DATASET EXTRACT -
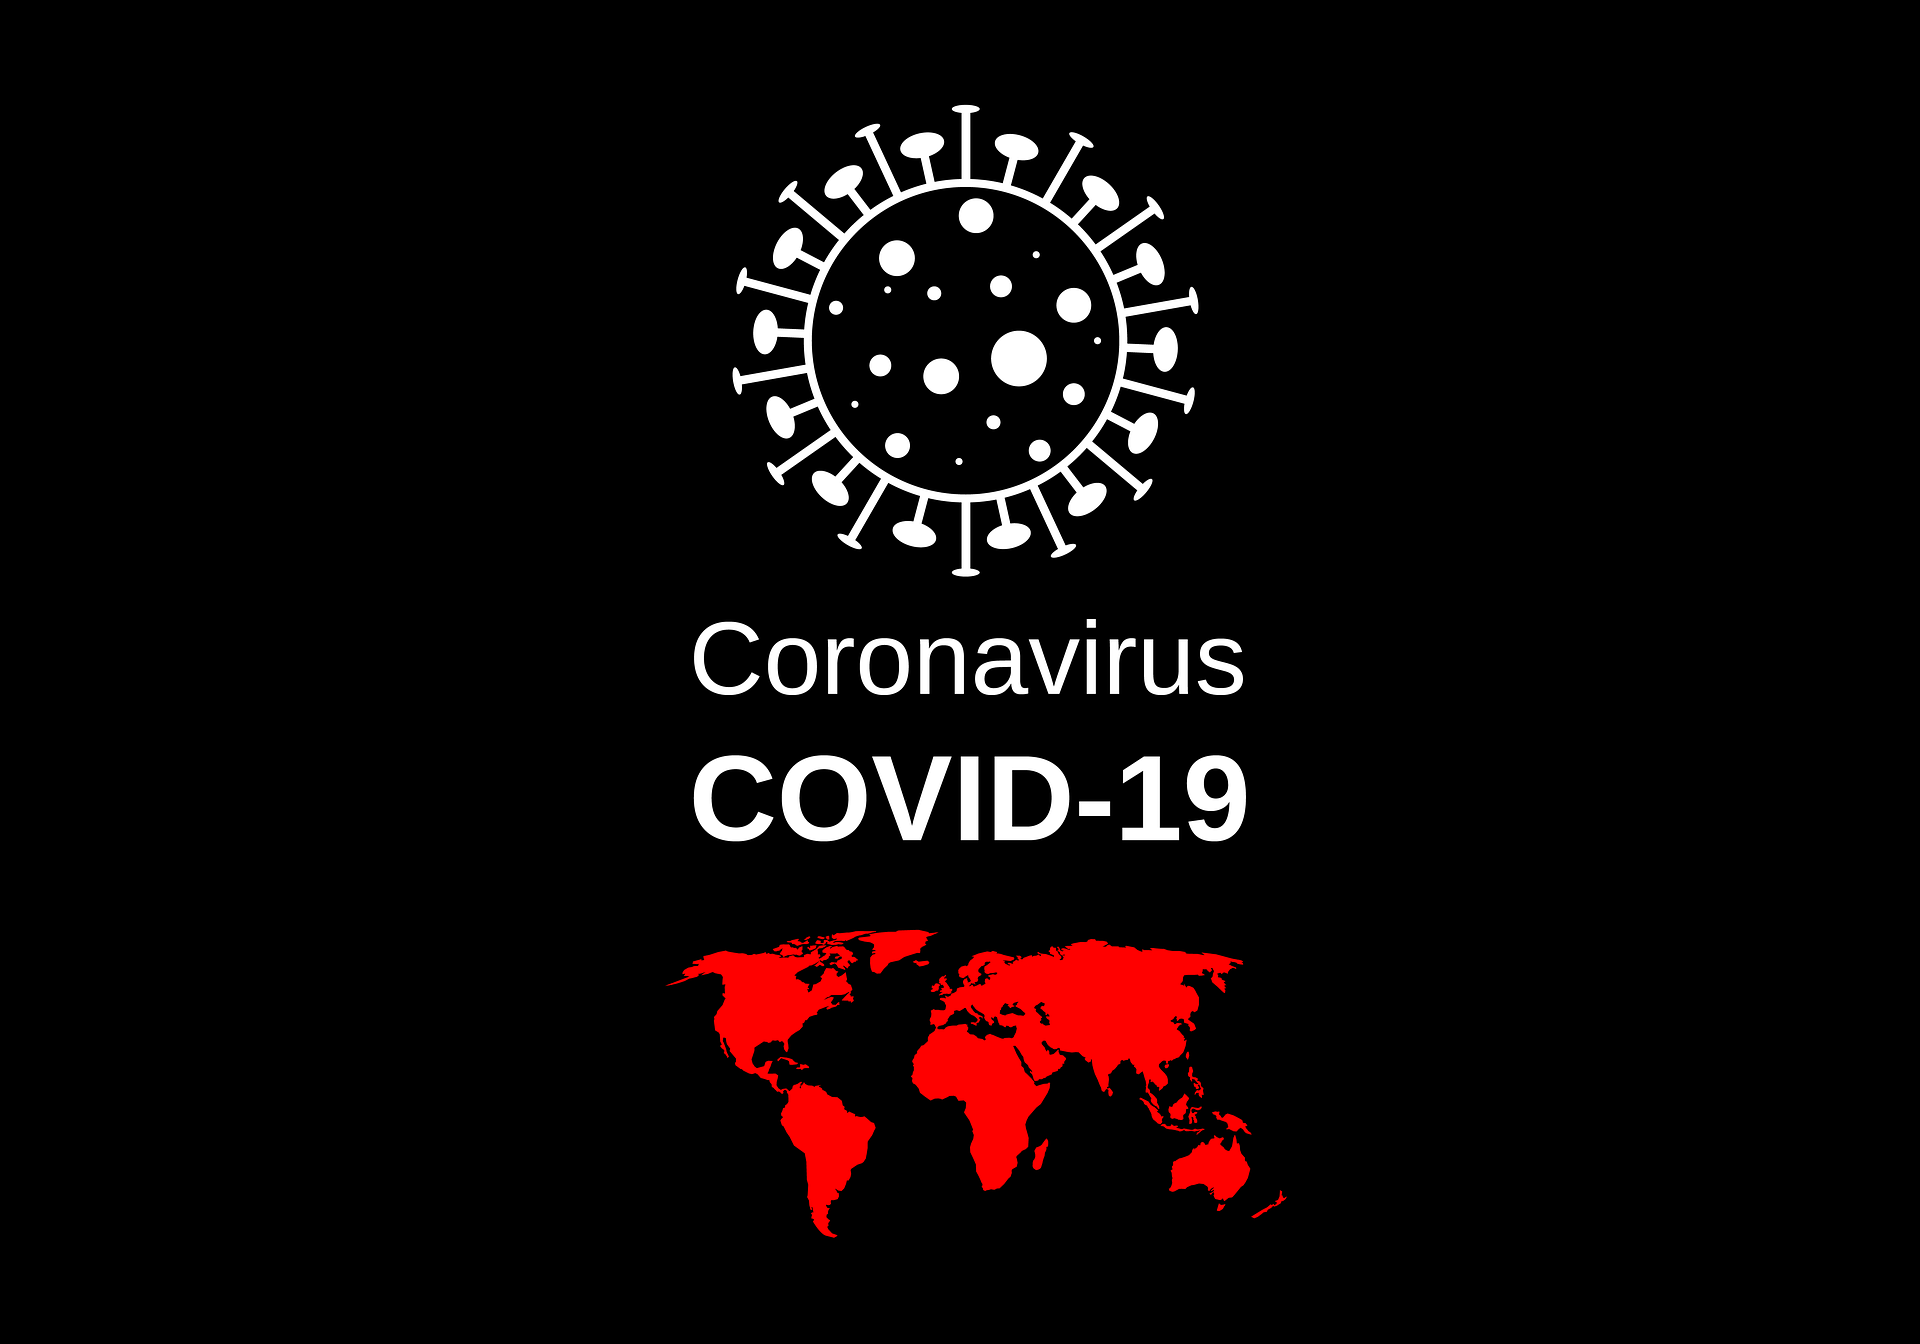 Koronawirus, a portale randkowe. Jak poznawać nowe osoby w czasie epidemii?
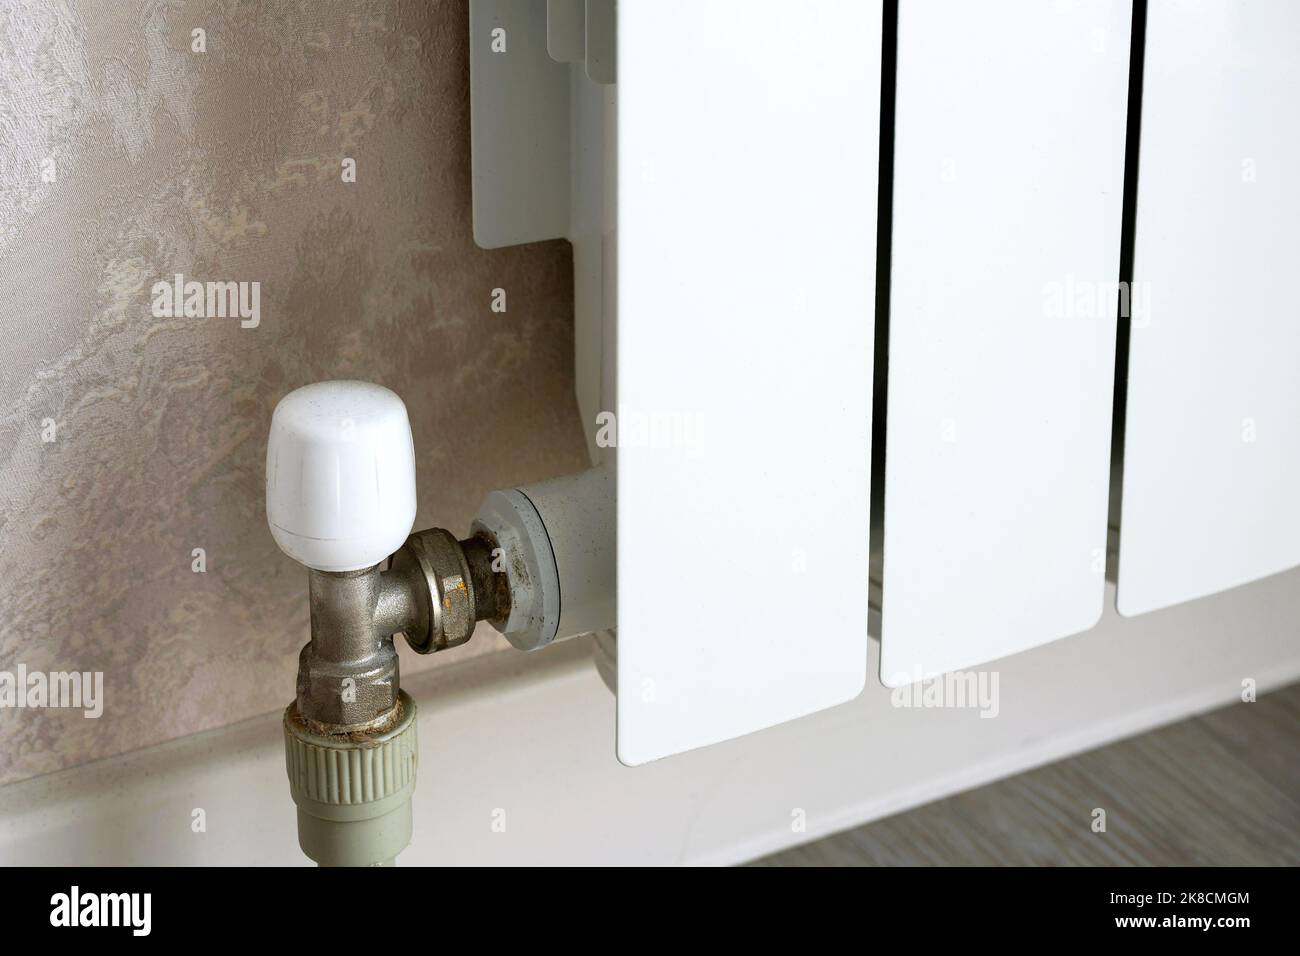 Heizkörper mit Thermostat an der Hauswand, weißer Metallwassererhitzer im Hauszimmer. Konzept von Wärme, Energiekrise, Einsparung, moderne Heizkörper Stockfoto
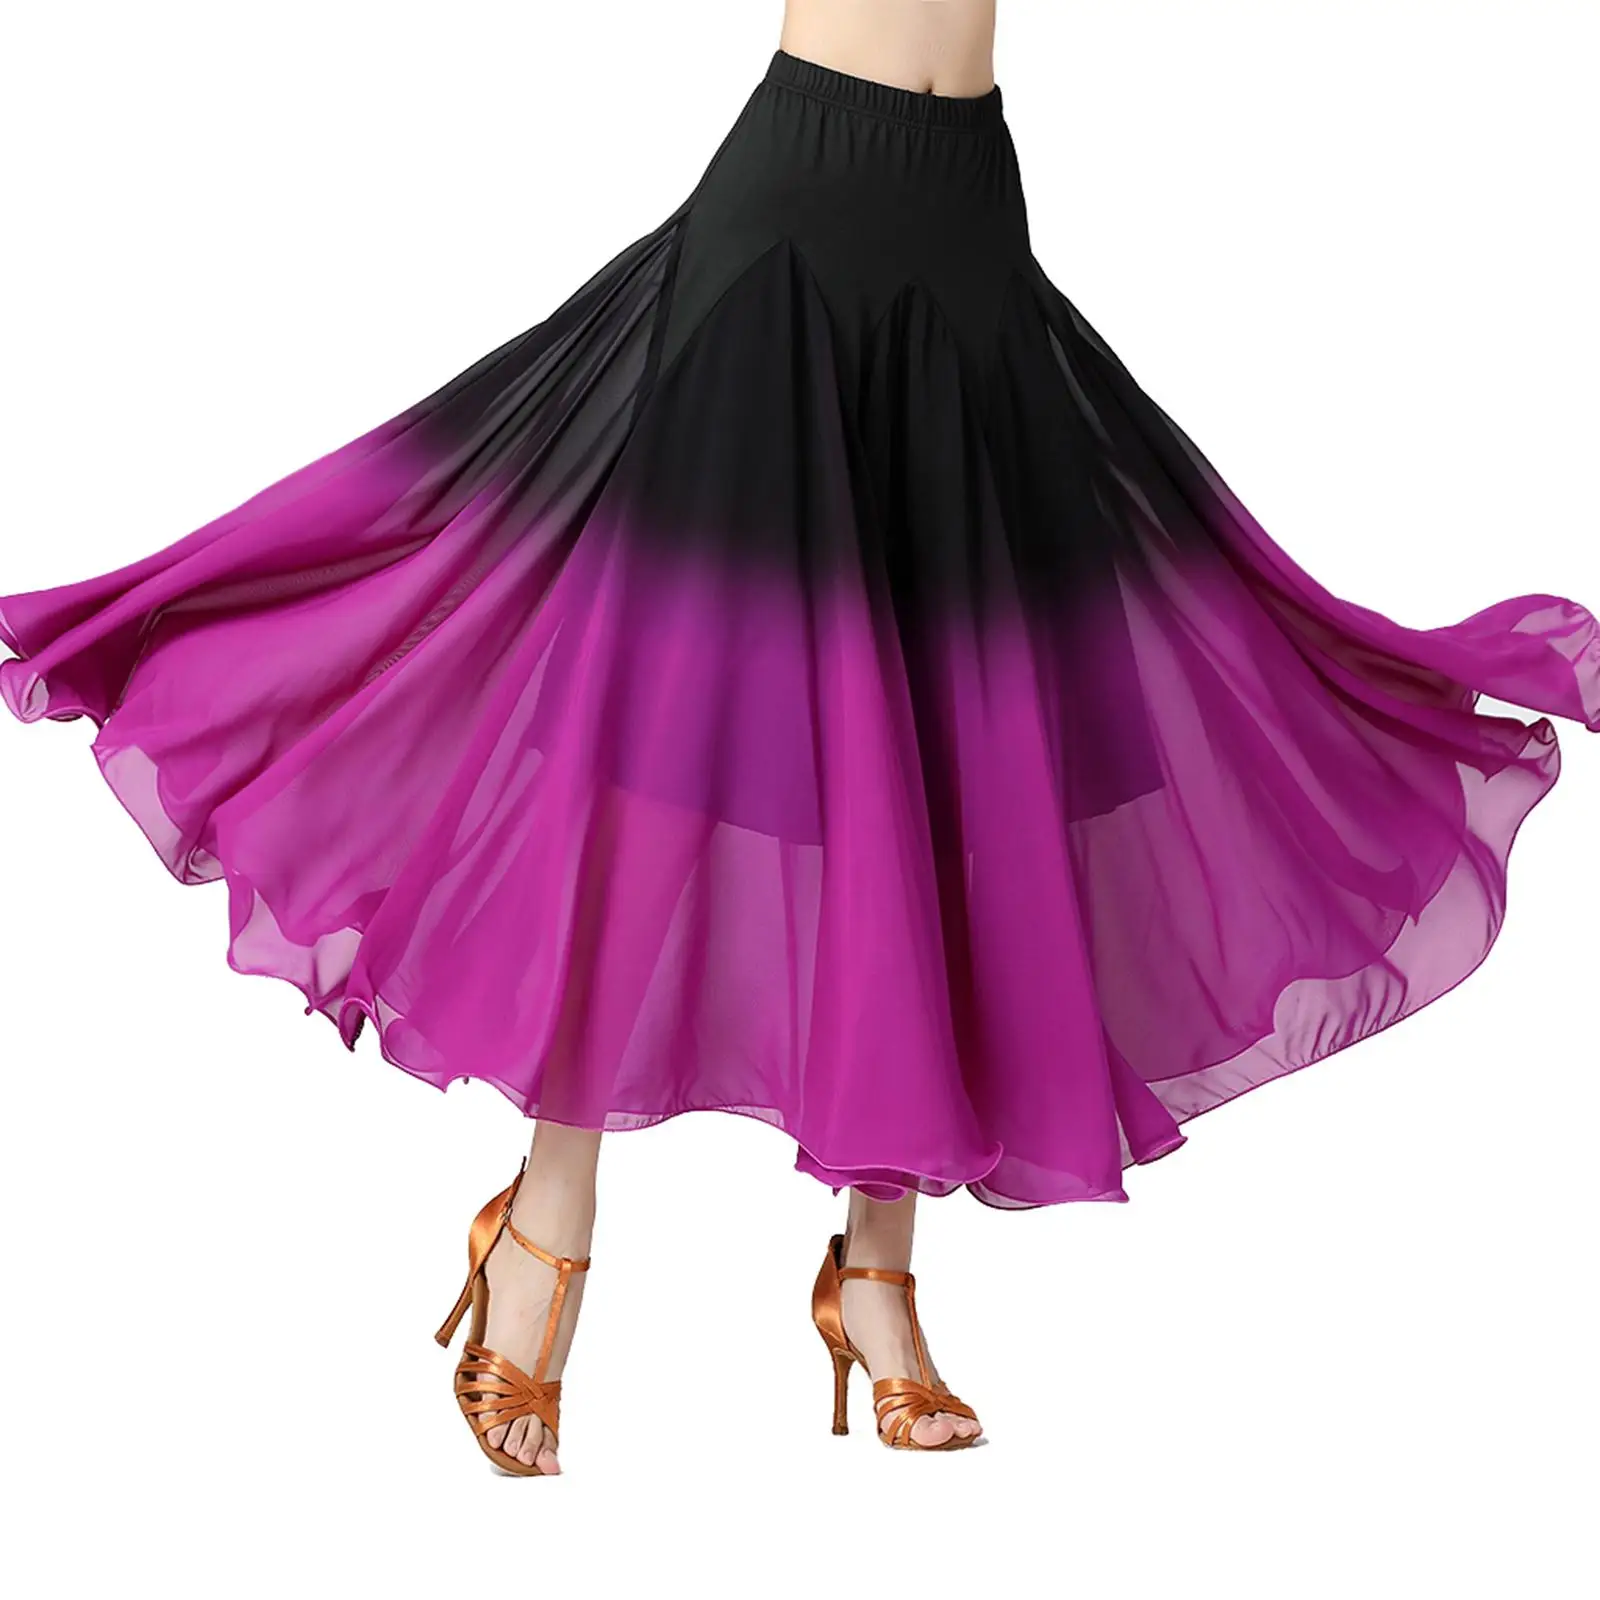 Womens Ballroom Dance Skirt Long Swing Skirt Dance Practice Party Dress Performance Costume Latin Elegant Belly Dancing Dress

TO DO - Give back every line of the material above word for word, leaving out the pictures.

WRITTEN RESPONSE -
 Koronawirus, a portale randkowe. Jak poznawać nowe osoby w czasie epidemii?
 Heizkörper mit Thermostat an der Hauswand, weißer Metallwassererhitzer im Hauszimmer. Konzept von Wärme, Energiekrise, Einsparung, moderne Heizkörper Stockfoto
 Womens Ballroom Dance Skirt Long Swing Skirt Dance Practice Party Dress Performance Costume Latin Elegant Belly Dancing Dress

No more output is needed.